MANAGEMENT STRATEGIES FOR NORMOTENSIVE PHEOCHROMOCYTOMA IN PREGNANCY.
W W Parksook, K Panumatrassamee, V Phupong, T Snabboon
Abstract
Open AccessBackground: Managing pheochromocytoma during pregnancy presents significant challenges due to the absence of well-established guidelines. Early detection during prenatal care, together with timely medical and surgical interventions, is crucial for achieving favorable maternal and fetal outcomes. Case presentation: This report presents the case of a 35-year-old nulliparous woman with bilateral pheochromocytoma who became pregnant between the first and second stages of adrenalectomy. Preoperative management included α-adrenergic blockade and hydration, which was successfully implemented despite the patient being normotensive.

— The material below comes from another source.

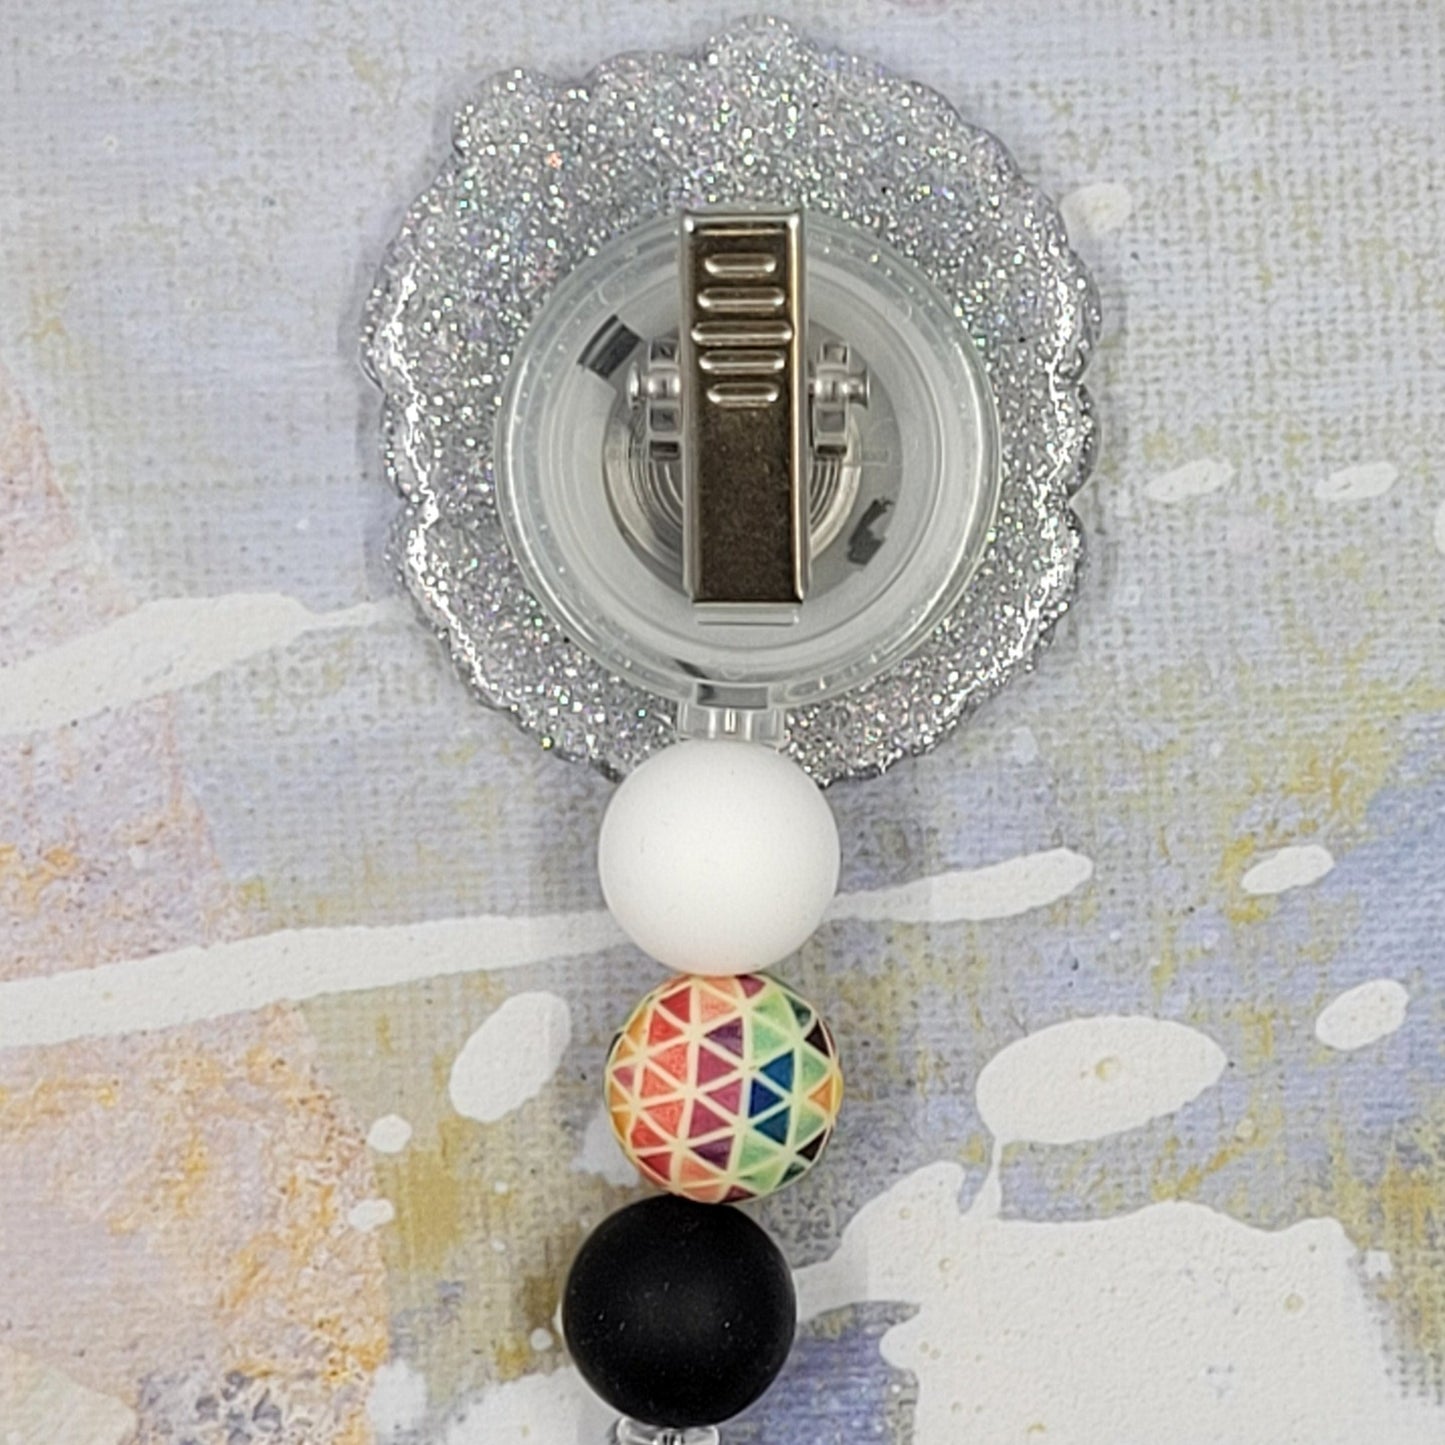 This badge reel, featuring the phrase "Accept Love Understand", aims to promote inclusivity across all backgrounds. It has a clear base with a glitter finish and is adorned with three coordinating silicone beads

The patient underwent a cortical-sparing tumor resection during the second trimester without complications and subsequently delivered a healthy full-term infant through normal labor. Conclusion: This case demonstrates that preoperative α-adrenergic blockade remains the recommended approach for managing pheochromocytoma during pregnancy, even in normotensive patients. Additionally, laparoscopic cortical-sparing adrenalectomy appears to be an effective surgical option for minimizing the risk of long-term adrenal insufficiency in cases of bilateral lesions.